Grazie a questi programmi la sensazione di partecipare all’evento si arricchisce di molti elementi e la sensazione è davvero molto vicina a quella che può essere vissuta nella realtà. Oltre a questo c’è la possibilità di allenarsi con altri ciclisti, affrontando anche percorsi e salite leggendarie come ad esempio l’Alpe d’Huez.
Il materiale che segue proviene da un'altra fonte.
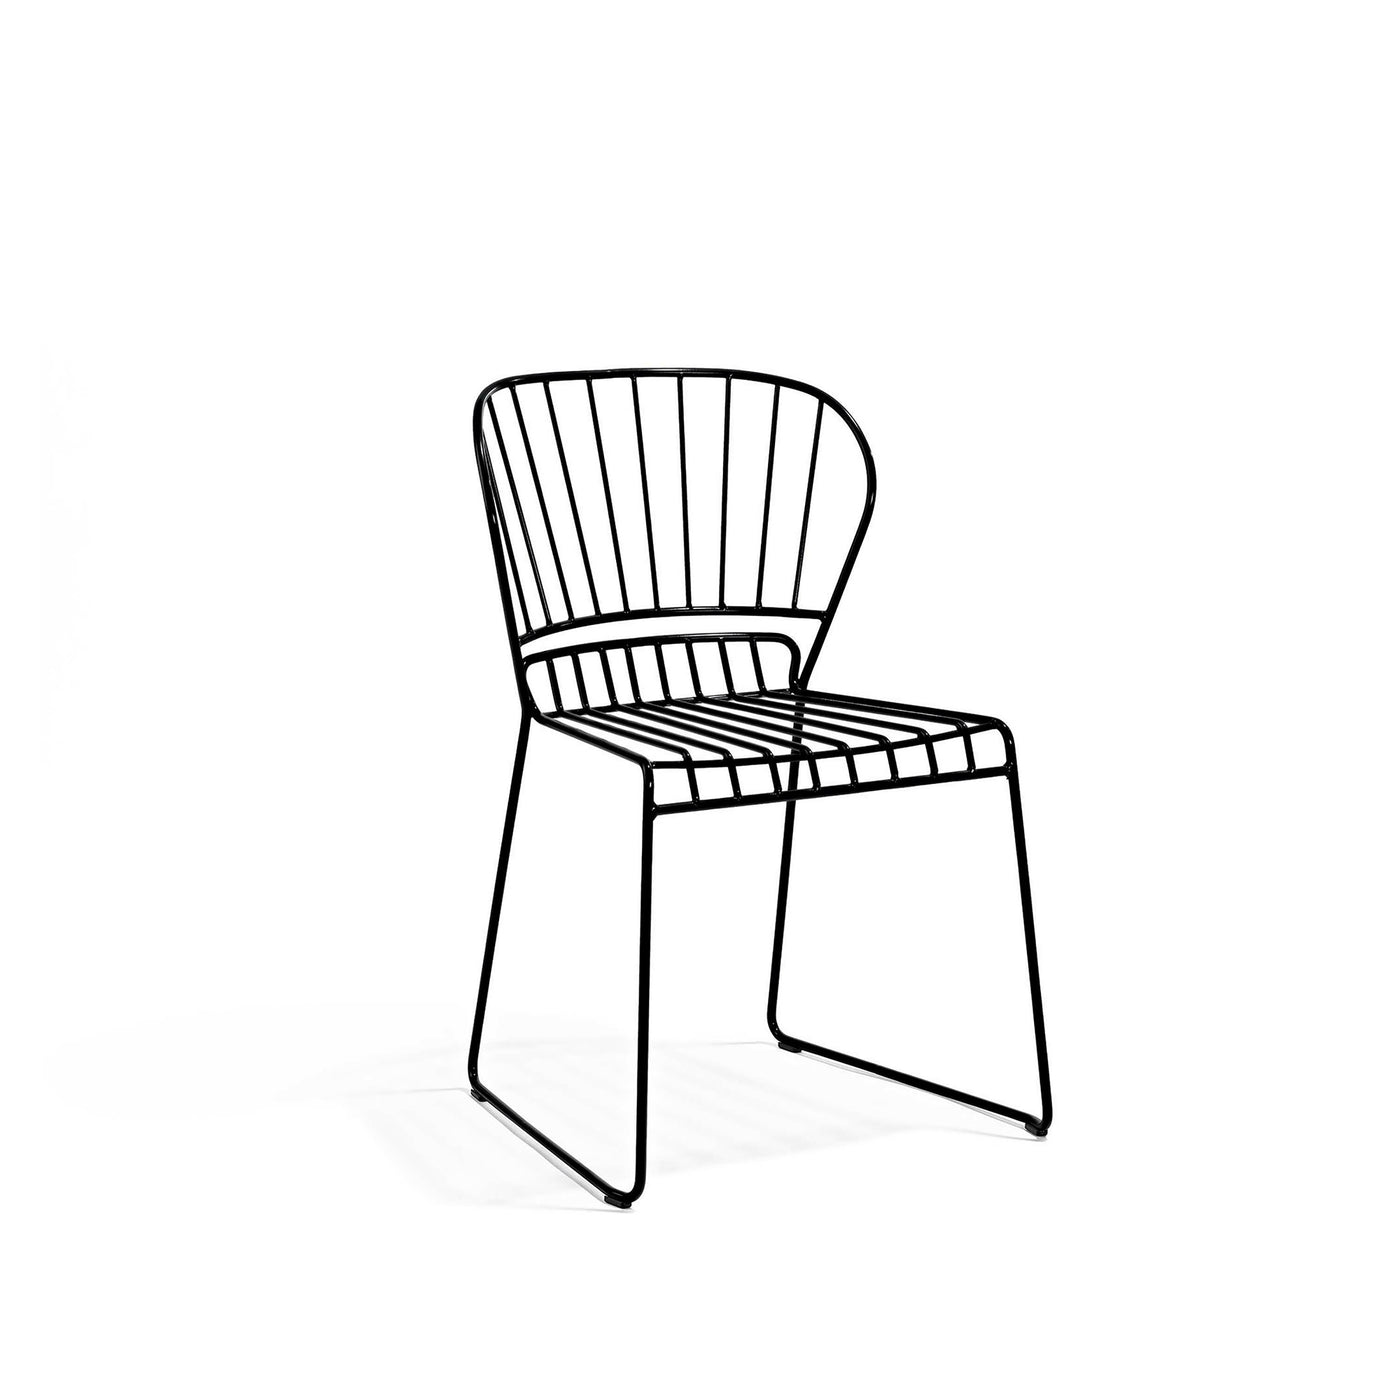 RESO chair

Tutti gli allenamenti vengono registrati e salvati in una banca dati, così che se ne può tenere traccia per il futuro

Tutti gli allenamenti vengono registrati e salvati in una banca dati, così che se ne può tenere traccia per il futuro, ad esempio per verificare se vi è stato un miglioramento. Gli indicatori sono tanti e molto dettagliati, soprattutto nei programmi più avanzati, tra cui ad esempio l’indicazione dei battiti cardiaci e della potenza in watt che viene espressa durante lo sforzo.
Si calcola che mediamente vi siano sempre tra i mille e i duemila ciclisti in collegamento virtuale su Zwift, quindi per ognuno c’è la possibilità di aggiungersi a gruppi e di inserirsi in percorsi particolari in ogni momento: in altre parole pur essendo soli nella propria abitazione e sui propri rulli, non c’è davvero pericolo di soffrire di solitudine.

Situazione che forse poteva capitare in tempi non lontani quando si restava sui rulli per ore e per far passare il tempo c’era solo la possibilità di guardare la TV. Era il caso ad esempio dell’ex campione del mondo Johan Museeuw, leggendario per le sue lunghe sessioni di allenamento, anche di 5-6 ore, in casa durante l’inverno quando nel suo paese, in Belgio, sferzava il freddo vento del nord.
Proviamo quindi questi programmi rivoluzionari che ci mette a disposizione la tecnologia, in attesa, come ben sostiene Colombi «di ritrovarsi all’aperto per sprigionate tutti i nostri cavalli».